La faillite de l’exploitant albertain Hemkund Developments avait fait fermer d’un coup les neuf Pizza Hut de la grande région de Québec. Près d’un an plus tard, sept comptoirs ont rouvert sous une nouvelle direction montréalaise. Un cas d’école sur ce qui arrive aux franchisés quand l’exploitant d’un territoire s’effondre.
Au printemps 2025, les neuf restaurants Pizza Hut de la région de Québec ont baissé le rideau presque simultanément. En cause : la faillite de Hemkund Developments Ltd, une société fondée en 2018 à Edmonton et plombée par une dette de près de 40 millions de dollars. L’entreprise, dirigée par Sweetpal Singh Chauhan, avait quitté la construction pour le commerce de détail avant de sombrer.
Un exploitant albertain entraîne neuf restaurants dans sa chute
La mécanique est typique des grands réseaux. Pizza Hut, propriété du géant américain Yum! Brands, ne gère pas ses restaurants en propre : il confie des territoires à des exploitants qui ouvrent et font rouler les établissements. À Québec, ce rôle revenait à Hemkund.
Quand l’exploitant s’est placé sous la protection de la loi sur la faillite, les neuf comptoirs se sont retrouvés sans opérateur du jour au lendemain. Les employés ont perdu leur emploi sans préavis et les clients ont trouvé porte close. Le réseau, lui, a vu disparaître toute sa présence dans la Capitale-Nationale.
Sept comptoirs sur neuf rouverts sous une direction montréalaise
La suite s’est jouée devant les tribunaux. En juillet 2025, la convention d’achat d’actifs conclue entre le séquestre et la compagnie NBG Québec Inc. a été approuvée par la Cour du Banc du Roi de l’Alberta. Le repreneur a aussitôt entrepris de relancer les établissements un à un.
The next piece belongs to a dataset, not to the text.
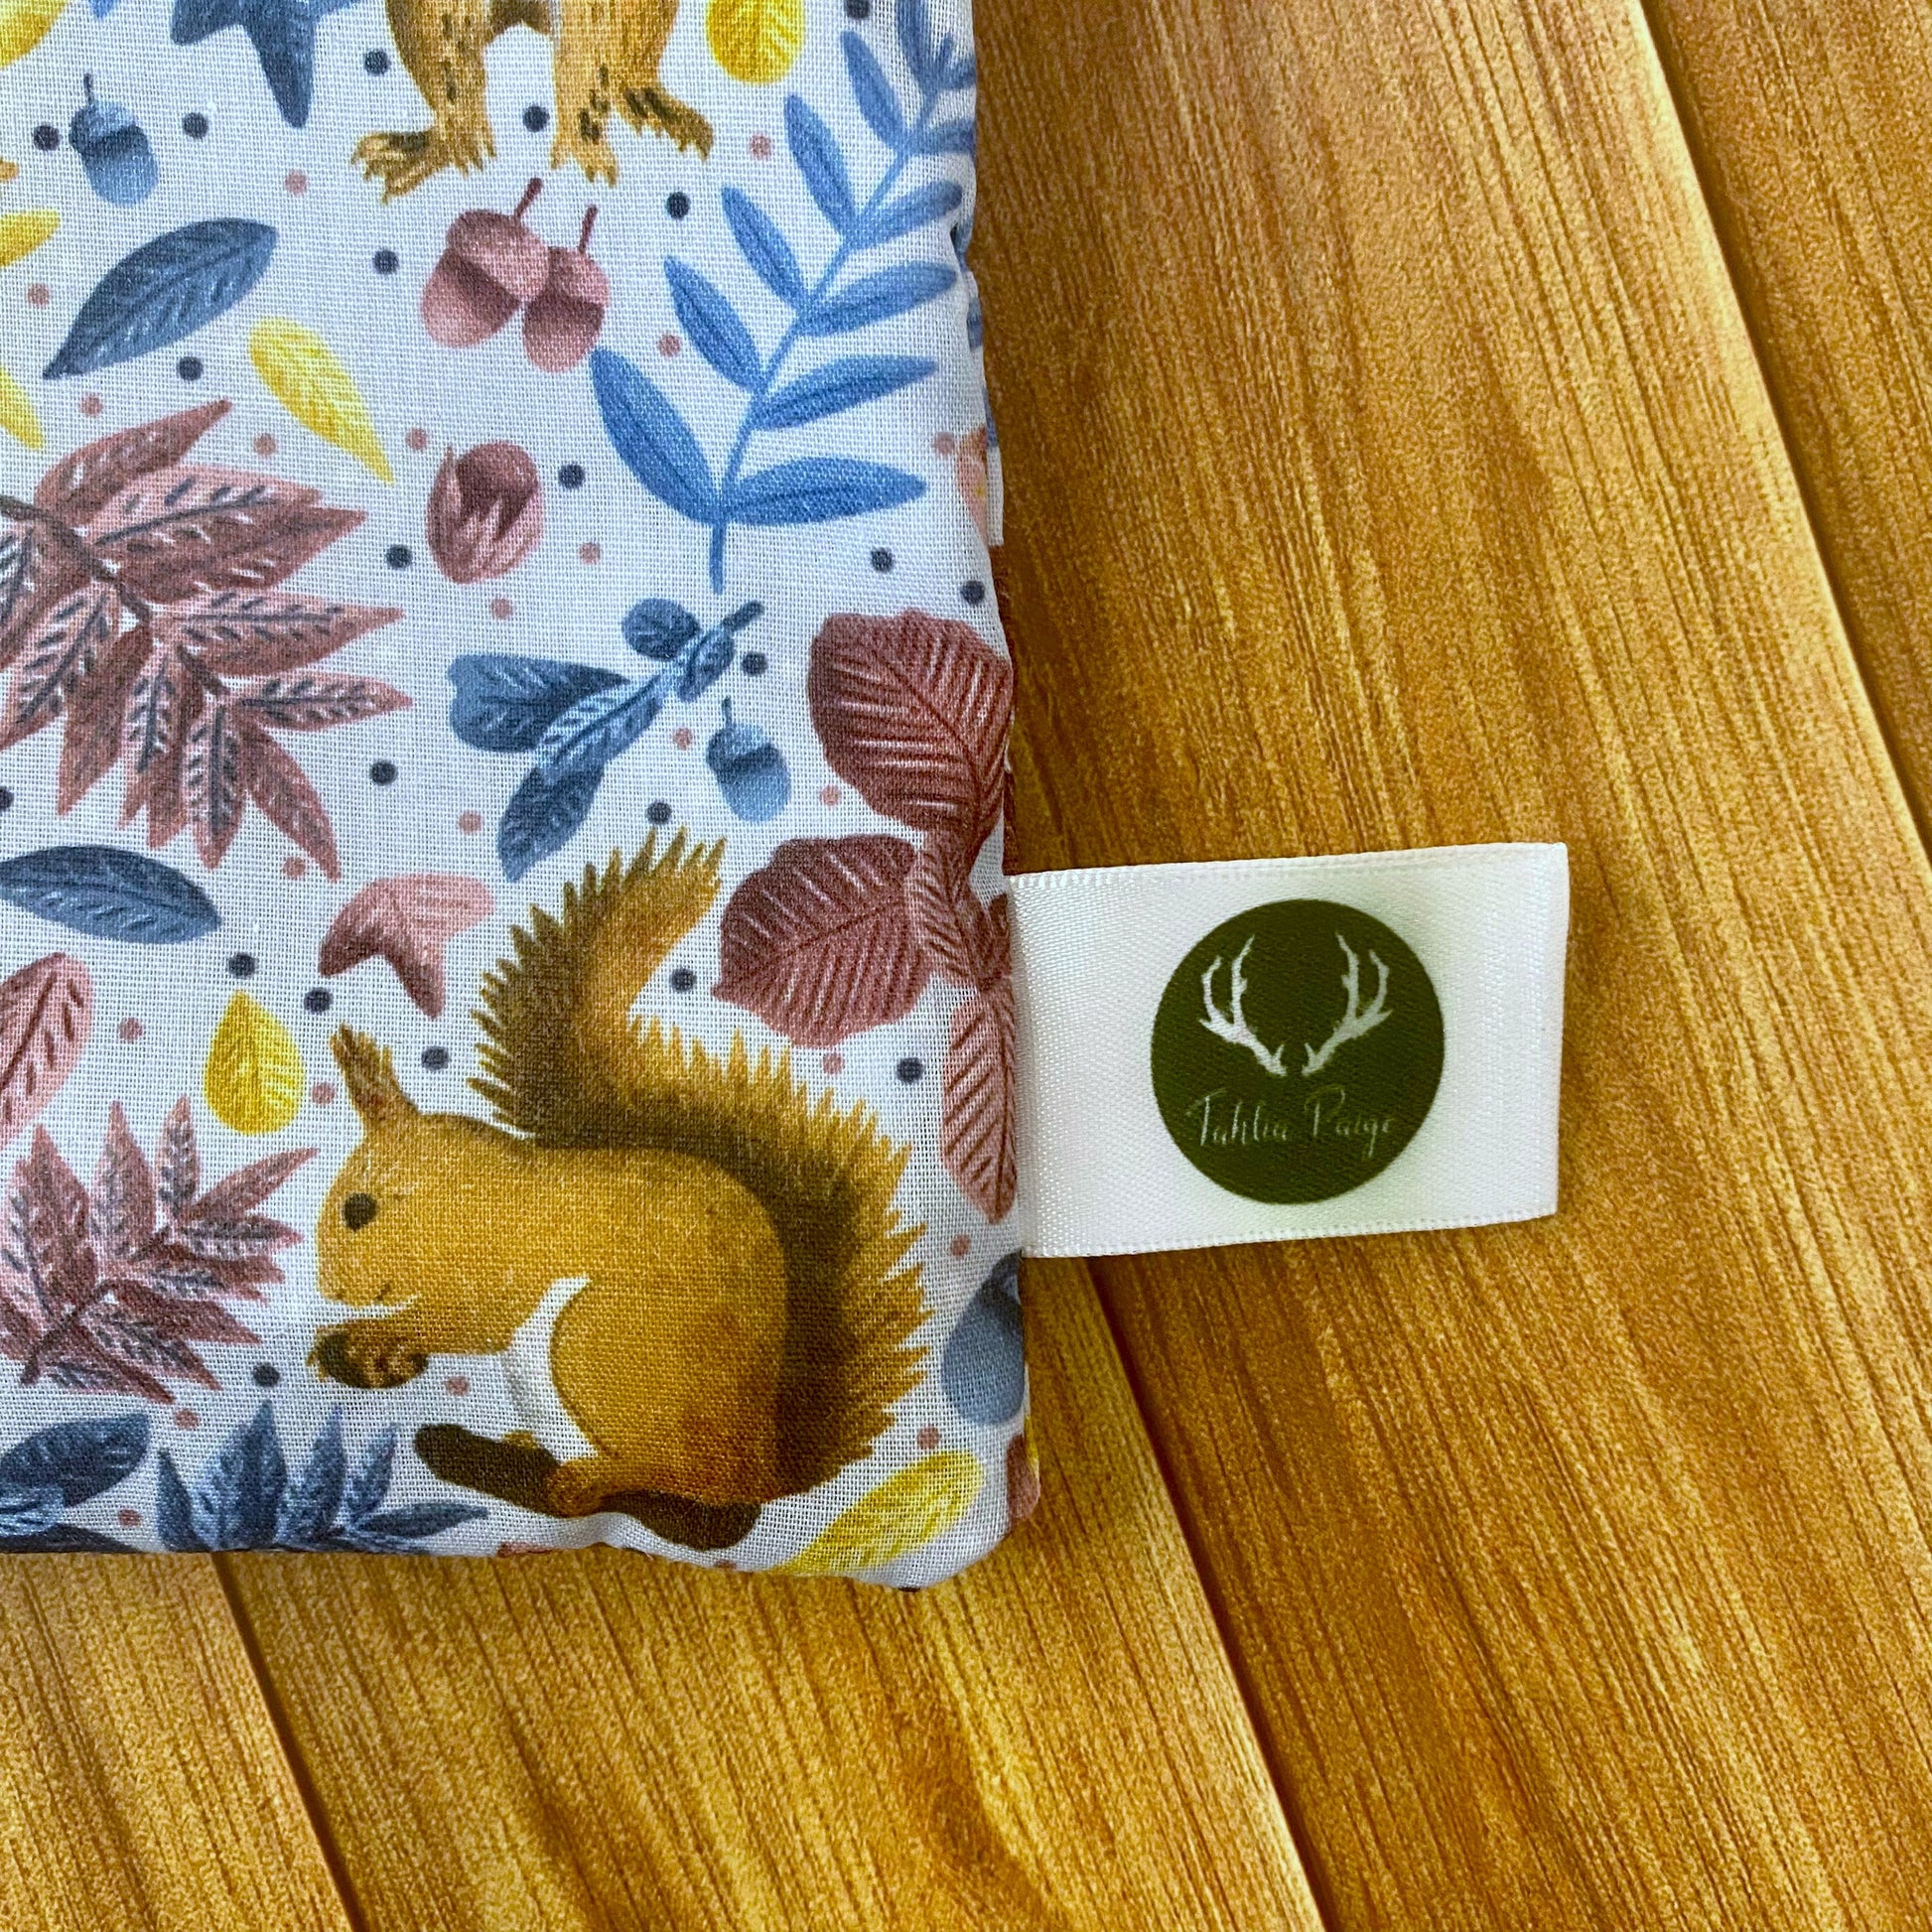 Closeup photograph of the corner of the red squirrel patterned pouch showing the Tahlia Paige label

Le premier à renaître a été le restaurant du 1480, boulevard Louis-XIV, à Québec, rouvert le 21 août 2025. Au fil des mois, sept des neuf comptoirs ont repris du service. Ils sont désormais pilotés par Mohammad Abedi, actionnaire majoritaire de NBG Québec, une société établie à Montréal.
Ce que la faillite d’un exploitant enseigne aux franchisés québécois
Le dossier rappelle une réalité que bien des candidats sous-estiment : la solidité d’une marque mondiale ne protège pas contre la défaillance de l’exploitant local. Au Québec, la relation repose sur la convention de franchise et sur les obligations de bonne foi prévues au Code civil du Québec, mais elle n’immunise pas un territoire contre l’insolvabilité de celui qui le détient.
Bon à savoir
Quand un exploitant fait faillite, un séquestre prend le contrôle des actifs et cherche un repreneur. Les établissements peuvent rouvrir, mais souvent après plusieurs mois et sans garantie pour les employés ni les fournisseurs touchés.
Pour un futur franchisé, la leçon est concrète. Avant de signer, on vérifie la santé financière du franchiseur, mais aussi celle du franchisé-maître ou de l’exploitant régional qui contrôle le territoire visé. Un réseau peut très bien se porter pendant que l’opérateur d’une zone donnée accumule les dettes.
Un retour fragile à surveiller dans la Capitale-Nationale
Deux comptoirs manquent toujours à l’appel et la reprise reste à consolider. La question est maintenant de savoir si la nouvelle direction parviendra à réinstaller durablement Pizza Hut dans une région où la concurrence de la pizza, des grandes chaînes aux indépendants, est féroce.
Les prochains mois diront si NBG Québec rouvre les derniers établissements et stabilise le réseau régional. Pour les exploitants et les candidats franchisés du Québec, le cas restera une référence utile sur la gestion du risque quand on mise sur une grande enseigne.